ARCHIDIOCÈSE DE BRAZZAVILLE

VIGILE PASCALE

vendredi 6 avril 2018

Dans la nuit du 31 mars 2018, le monde catholique voire chrétien, célébrait la résurrection de Jésus de Nazareth. Événement historique certes, mais dont la teneur reste indélébile dans la vie de foi des chrétiens. Car, cet événement est l’élément fondateur du mystère de la rédemption accompli par Jésus à travers sa passion et sa mort. La résurrection de Jésus est donc pour les chrétiens le point saillant de leur foi. Car elle est le signe de leur justification. En d’autres termes, c’est par la résurrection que Jésus de Nazareth est reconnu, aux yeux des apôtres, et aujourd’hui, par l’Église, du genre humain, comme Christ et Seigneur. Cette fête de la résurrection, encore appelée, la pâque chrétienne, est le signe de l’espérance de la foi chrétienne. Une espérance basée sur la résurrection au dernier jour. Ne dit-on pas dans le crédo, « J’attends la résurrection des morts, et la vie du monde avenir ».

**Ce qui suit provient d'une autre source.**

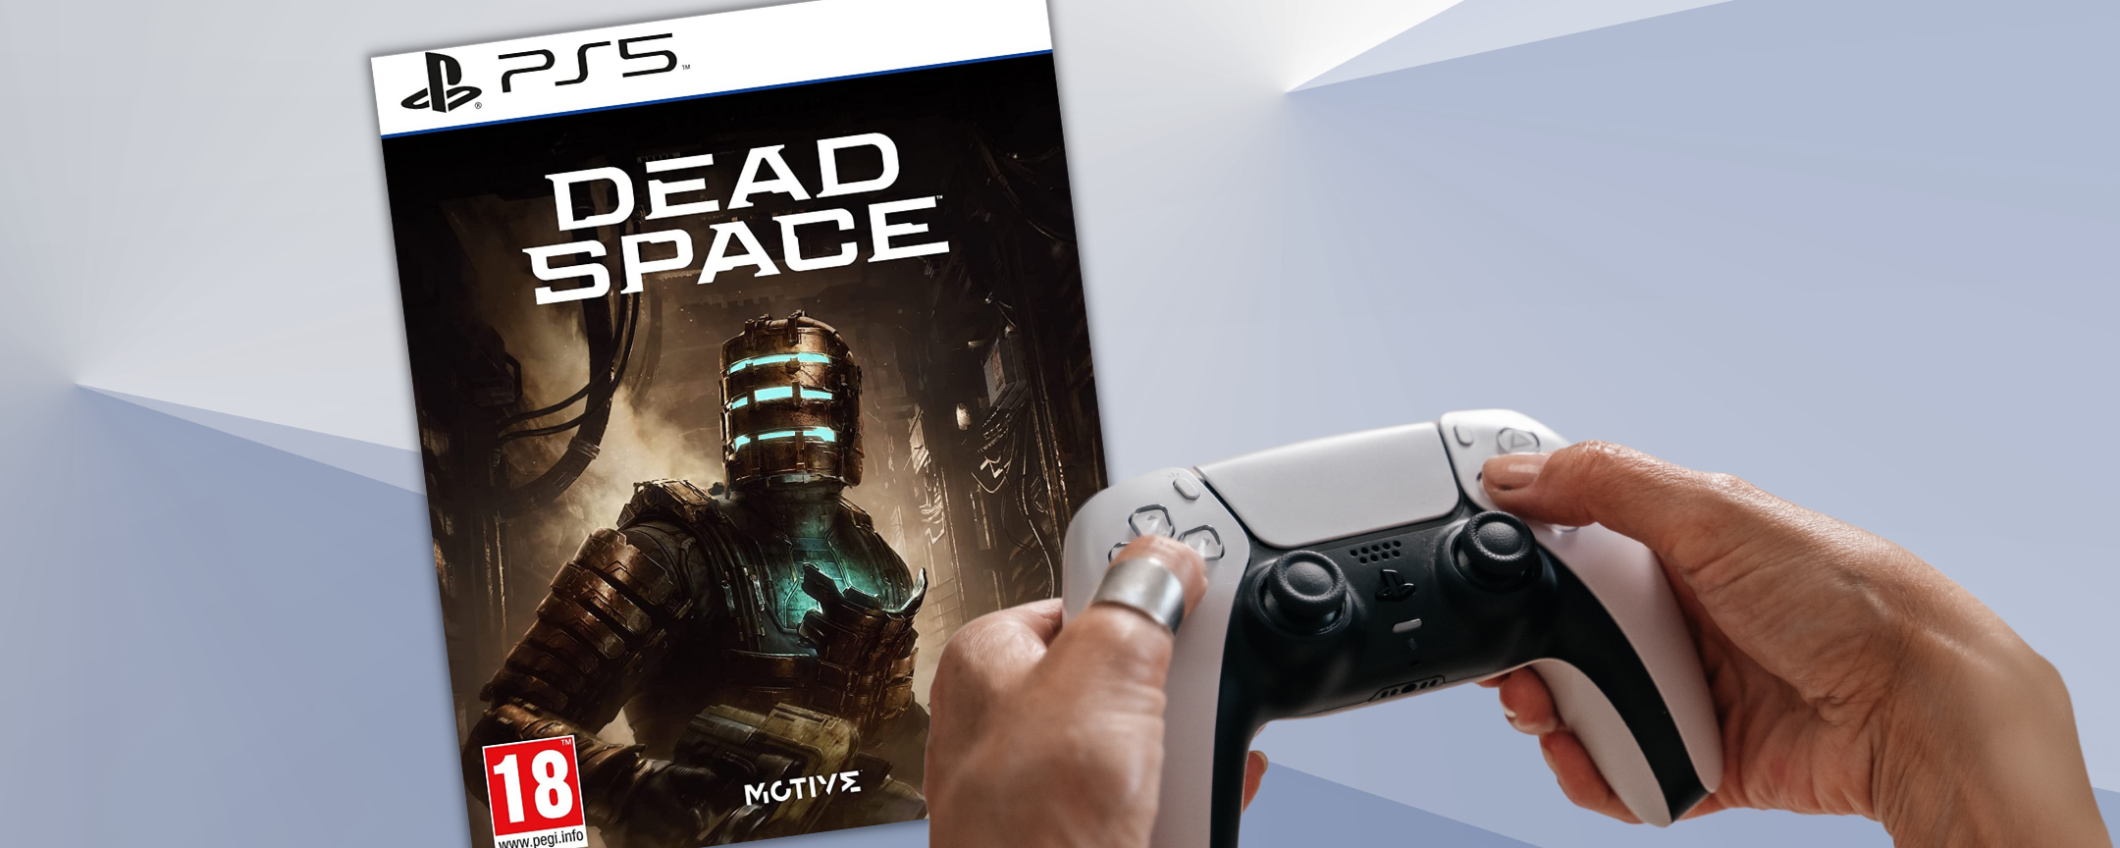 Dead Space: la versione per PS5 scontata del 63% su Amazon (solo 29€)

C’est pour dire, l’événement pascal est pour tout baptisé, signe d’espérance en la vie éternelle où Dieu sera tout en tous. C’est ainsi qu’elle est un moment particulier et qui se vit avec beaucoup d’enthousiasme dans l’Eglise. D’ailleurs c’est donc cet engouement qui justifiait la présence archi nombreuse du peuple de Dieu qui est à Brazzaville dans la Cathédrale Sacré-Cœur, autour de son pasteur, Monseigneur Anatole MILANDOU, Archevêque de Brazzaville. Dans son homélie, son Excellence Monseigneur Anatole MILANDOU, en faisant un briefing sur le fait « pâques », a laissé entendre que la résurrection de Jésus était un « événement trop fort ». Trop fort pour les apôtres ; les Juifs voire pour nous aujourd’hui.

Pourtant au-delà de son caractère monumentalement extraordinaire et mystérieux, cet événement est une invite, poursuivait l’évêque, à effectuer un, et peut-être, des passages dans nos vies. « Passage de la servitude, de l’esclavage, de la désespérance ; à la liberté et à l’espérance(…) Passage d’un état de souffrance, de pleurs, (…) à celui de la joie de vivre. (…) Passage de la peur à la paix ; du laisser-aller ou du découragement à l’acceptation de la lutte et du combat contre toutes ces passions que nous trainons et qui nous collent à la peau : le mensonge ; l’hypocrisie ; les accusations ». Des passages humbles et discrets, insistait l’évêque, qui nous préparent à ce grand passage de notre vie : « celui de notre mort pour ressusciter à la plénitude de la vie avec Dieu ».